Material shown -
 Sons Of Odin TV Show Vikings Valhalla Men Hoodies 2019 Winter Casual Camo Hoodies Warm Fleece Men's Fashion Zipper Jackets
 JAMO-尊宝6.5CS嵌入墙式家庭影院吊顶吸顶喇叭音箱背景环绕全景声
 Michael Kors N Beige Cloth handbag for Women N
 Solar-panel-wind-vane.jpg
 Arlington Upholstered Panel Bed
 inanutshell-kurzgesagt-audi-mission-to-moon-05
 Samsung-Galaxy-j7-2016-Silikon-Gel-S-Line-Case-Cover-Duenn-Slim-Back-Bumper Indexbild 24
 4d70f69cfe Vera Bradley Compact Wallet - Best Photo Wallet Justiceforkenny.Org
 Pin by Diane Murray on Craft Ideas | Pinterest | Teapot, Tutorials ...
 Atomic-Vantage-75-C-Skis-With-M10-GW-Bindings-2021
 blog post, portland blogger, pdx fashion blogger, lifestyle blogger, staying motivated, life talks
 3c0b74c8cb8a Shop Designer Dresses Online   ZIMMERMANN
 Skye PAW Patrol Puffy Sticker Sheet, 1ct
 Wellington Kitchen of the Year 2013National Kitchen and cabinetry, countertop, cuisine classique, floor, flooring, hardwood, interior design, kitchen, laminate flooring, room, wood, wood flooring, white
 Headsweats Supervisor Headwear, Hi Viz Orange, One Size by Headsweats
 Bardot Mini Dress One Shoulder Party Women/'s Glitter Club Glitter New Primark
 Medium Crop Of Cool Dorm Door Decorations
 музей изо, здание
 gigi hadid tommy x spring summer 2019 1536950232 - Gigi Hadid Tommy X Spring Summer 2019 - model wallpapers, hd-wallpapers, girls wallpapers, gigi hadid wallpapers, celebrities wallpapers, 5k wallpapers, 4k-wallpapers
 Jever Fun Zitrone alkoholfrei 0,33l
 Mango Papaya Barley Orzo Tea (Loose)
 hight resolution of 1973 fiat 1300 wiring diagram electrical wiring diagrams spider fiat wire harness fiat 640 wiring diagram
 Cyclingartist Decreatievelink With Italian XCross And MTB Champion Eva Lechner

Your task -
From the line containing "Atomic-Vantage-75-C-Skis-With-M10-GW-Bindings-2021" to the last line of the data above, copy each line exactly and add nothing.

Your response -
 Atomic-Vantage-75-C-Skis-With-M10-GW-Bindings-2021
 blog post, portland blogger, pdx fashion blogger, lifestyle blogger, staying motivated, life talks
 3c0b74c8cb8a Shop Designer Dresses Online   ZIMMERMANN
 Skye PAW Patrol Puffy Sticker Sheet, 1ct
 Wellington Kitchen of the Year 2013National Kitchen and cabinetry, countertop, cuisine classique, floor, flooring, hardwood, interior design, kitchen, laminate flooring, room, wood, wood flooring, white
 Headsweats Supervisor Headwear, Hi Viz Orange, One Size by Headsweats
 Bardot Mini Dress One Shoulder Party Women/'s Glitter Club Glitter New Primark
 Medium Crop Of Cool Dorm Door Decorations
 музей изо, здание
 gigi hadid tommy x spring summer 2019 1536950232 - Gigi Hadid Tommy X Spring Summer 2019 - model wallpapers, hd-wallpapers, girls wallpapers, gigi hadid wallpapers, celebrities wallpapers, 5k wallpapers, 4k-wallpapers
 Jever Fun Zitrone alkoholfrei 0,33l
 Mango Papaya Barley Orzo Tea (Loose)
 hight resolution of 1973 fiat 1300 wiring diagram electrical wiring diagrams spider fiat wire harness fiat 640 wiring diagram
 Cyclingartist Decreatievelink With Italian XCross And MTB Champion Eva Lechner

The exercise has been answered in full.